» Description of the task
From the line containing "Wild mushroom Boletus" down to the final line of the entries below, restate each line word for word and add nothing.

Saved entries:
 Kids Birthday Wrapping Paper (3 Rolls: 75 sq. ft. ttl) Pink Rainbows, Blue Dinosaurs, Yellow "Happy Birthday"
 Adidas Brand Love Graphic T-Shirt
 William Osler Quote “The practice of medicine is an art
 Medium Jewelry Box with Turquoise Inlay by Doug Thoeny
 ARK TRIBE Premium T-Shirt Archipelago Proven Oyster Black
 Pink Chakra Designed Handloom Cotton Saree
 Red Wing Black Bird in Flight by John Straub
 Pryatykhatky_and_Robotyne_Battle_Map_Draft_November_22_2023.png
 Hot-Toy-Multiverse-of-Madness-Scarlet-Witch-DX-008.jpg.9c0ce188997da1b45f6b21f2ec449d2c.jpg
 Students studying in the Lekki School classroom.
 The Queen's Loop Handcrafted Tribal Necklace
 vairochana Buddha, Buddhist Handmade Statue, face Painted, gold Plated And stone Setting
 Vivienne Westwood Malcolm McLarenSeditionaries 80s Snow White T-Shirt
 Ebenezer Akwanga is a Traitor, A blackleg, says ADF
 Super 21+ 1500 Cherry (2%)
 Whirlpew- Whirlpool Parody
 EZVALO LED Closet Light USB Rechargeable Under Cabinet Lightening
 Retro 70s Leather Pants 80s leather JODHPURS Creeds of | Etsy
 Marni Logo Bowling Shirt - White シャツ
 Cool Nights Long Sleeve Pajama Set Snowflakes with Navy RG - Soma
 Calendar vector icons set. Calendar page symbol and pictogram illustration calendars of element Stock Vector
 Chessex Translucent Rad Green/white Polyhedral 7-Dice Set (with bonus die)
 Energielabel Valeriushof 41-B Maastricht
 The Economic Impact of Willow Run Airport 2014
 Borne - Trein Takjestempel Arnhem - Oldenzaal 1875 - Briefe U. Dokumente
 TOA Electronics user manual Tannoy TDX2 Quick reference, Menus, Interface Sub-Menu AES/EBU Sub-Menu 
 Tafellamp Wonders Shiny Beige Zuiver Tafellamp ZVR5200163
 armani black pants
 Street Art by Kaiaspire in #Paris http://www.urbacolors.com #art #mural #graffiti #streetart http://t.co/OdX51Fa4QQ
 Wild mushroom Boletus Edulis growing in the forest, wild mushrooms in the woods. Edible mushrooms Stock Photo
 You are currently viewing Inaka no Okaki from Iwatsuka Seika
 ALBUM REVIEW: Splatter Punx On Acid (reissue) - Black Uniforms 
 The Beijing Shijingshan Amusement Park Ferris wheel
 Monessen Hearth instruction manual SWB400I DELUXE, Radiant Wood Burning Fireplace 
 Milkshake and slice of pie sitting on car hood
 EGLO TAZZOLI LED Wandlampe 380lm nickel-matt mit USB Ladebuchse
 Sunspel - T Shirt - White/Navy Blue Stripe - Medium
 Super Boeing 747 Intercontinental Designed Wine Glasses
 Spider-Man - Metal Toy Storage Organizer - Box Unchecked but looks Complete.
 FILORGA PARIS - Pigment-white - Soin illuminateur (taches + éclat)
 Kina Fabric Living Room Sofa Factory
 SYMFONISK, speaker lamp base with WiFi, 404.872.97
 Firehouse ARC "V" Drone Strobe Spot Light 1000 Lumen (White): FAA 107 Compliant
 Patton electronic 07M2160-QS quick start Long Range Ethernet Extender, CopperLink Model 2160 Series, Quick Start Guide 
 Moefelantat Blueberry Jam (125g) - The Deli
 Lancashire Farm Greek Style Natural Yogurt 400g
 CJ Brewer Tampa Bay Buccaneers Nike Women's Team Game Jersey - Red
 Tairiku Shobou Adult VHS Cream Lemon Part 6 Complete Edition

» Response
 Wild mushroom Boletus Edulis growing in the forest, wild mushrooms in the woods. Edible mushrooms Stock Photo
 You are currently viewing Inaka no Okaki from Iwatsuka Seika
 ALBUM REVIEW: Splatter Punx On Acid (reissue) - Black Uniforms 
 The Beijing Shijingshan Amusement Park Ferris wheel
 Monessen Hearth instruction manual SWB400I DELUXE, Radiant Wood Burning Fireplace 
 Milkshake and slice of pie sitting on car hood
 EGLO TAZZOLI LED Wandlampe 380lm nickel-matt mit USB Ladebuchse
 Sunspel - T Shirt - White/Navy Blue Stripe - Medium
 Super Boeing 747 Intercontinental Designed Wine Glasses
 Spider-Man - Metal Toy Storage Organizer - Box Unchecked but looks Complete.
 FILORGA PARIS - Pigment-white - Soin illuminateur (taches + éclat)
 Kina Fabric Living Room Sofa Factory
 SYMFONISK, speaker lamp base with WiFi, 404.872.97
 Firehouse ARC "V" Drone Strobe Spot Light 1000 Lumen (White): FAA 107 Compliant
 Patton electronic 07M2160-QS quick start Long Range Ethernet Extender, CopperLink Model 2160 Series, Quick Start Guide 
 Moefelantat Blueberry Jam (125g) - The Deli
 Lancashire Farm Greek Style Natural Yogurt 400g
 CJ Brewer Tampa Bay Buccaneers Nike Women's Team Game Jersey - Red
 Tairiku Shobou Adult VHS Cream Lemon Part 6 Complete Edition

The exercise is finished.